Au delà donc d’un certain nombre d’individus, la cohésion d’une société humaine ne repose plus seulement sur des relations de confiance interpersonnelles mais sur une organisation hiérarchique codifiée, une division de l’activité plus complexe et une répartition plus inégale du pouvoir. Naturellement, il se crée une asymétrie d’information qui est fonction croissante de la position dans la hiérarchie. Le gouvernant ne pouvant pas simultanément entretenir une relation stable avec tous les membres de sa société, il s’appuie sur une multitude d’intermédiaires qui recueillent les informations, de différente nature et les interprètent pour le conseiller.

Avec l’apparition des premières formes de l’écriture, les volumes d’informations croissant, ces intermédiaires ont retranscris, normé, classé et analysé ces données. Nous avons ainsi retrouvé des milliers de tablettes d’argile mésopotamiennes faisant état de recensement de récoltes et de cheptels, ceci devant servir à déterminer l’impôt.

Qu’en est-il d’une société de plusieurs millions d’individus? D’une Algérie de 44 millions d’habitants. 44 millions de visions différentes, de désirs différents, de volontés différentes ? Comment mouvoir une société de cette taille dans une même direction? Comment concilier ces visions sur un certain nombre de valeurs et de croyances cohérentes ? C’est la problématique globale à la quelle doit répondre la gouvernance. Nous ne traitons ici que l’aspect économique.
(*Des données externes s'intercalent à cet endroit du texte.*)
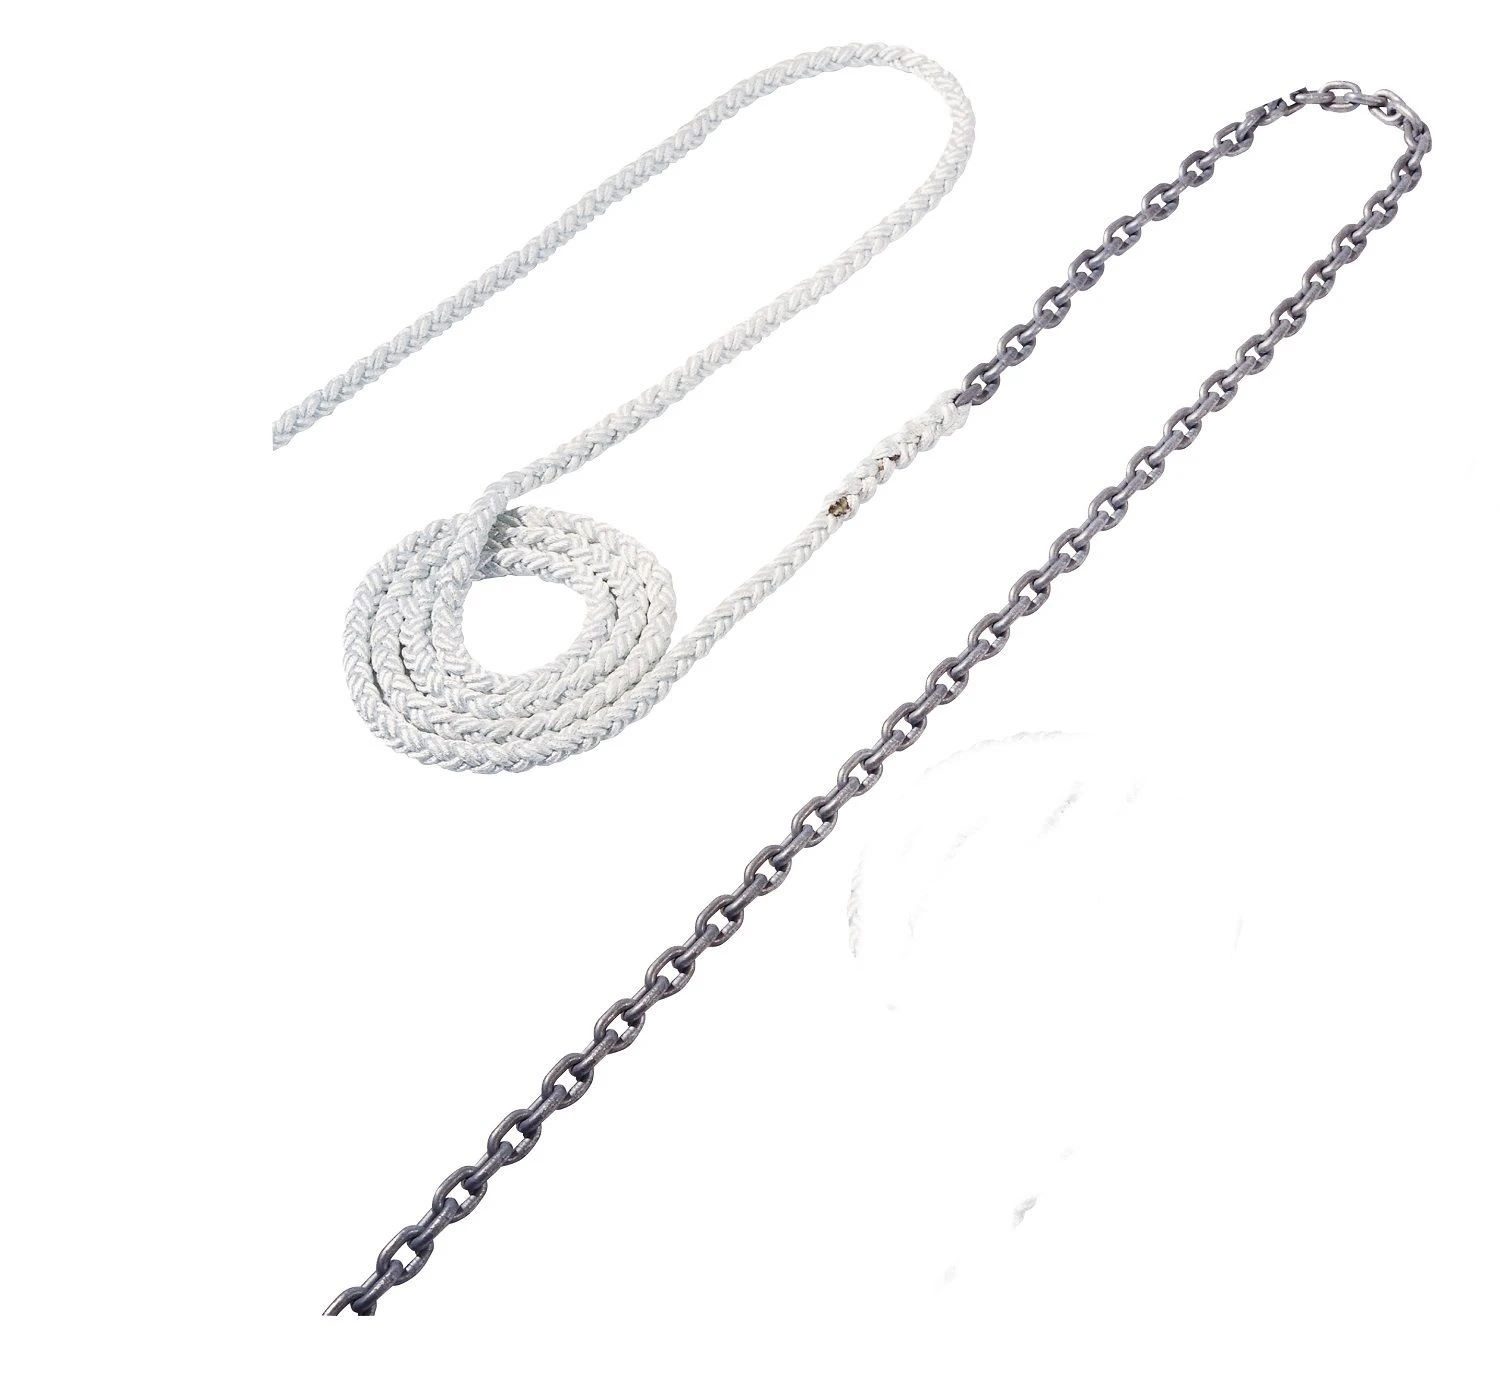 Best anchor chain? Maxwell anchor ropes and chains for boats

Qu’en est-il d’une société de plusieurs millions d’individus? D’une Algérie de 44 millions d’habitants

Nous allons donc déplacer la réflexion dans le champs qui nous intéresse. Notre pays est un vaste marché de 44 millions de consommateurs, le 33ème sur 203 sociétés souveraines. C’est autant de désirs, de goûts et d’habitudes de consommation semblables par ci et différents par là. Comment donc satisfaire une combinaison quasi-infinie de besoins et de désirs ? l’Idéal serait de disposer d’un nombre équivalent de producteurs et d’innovateurs, chacun devant répondre à un besoin ou à un désir exprimé sur ce gigantesque marché.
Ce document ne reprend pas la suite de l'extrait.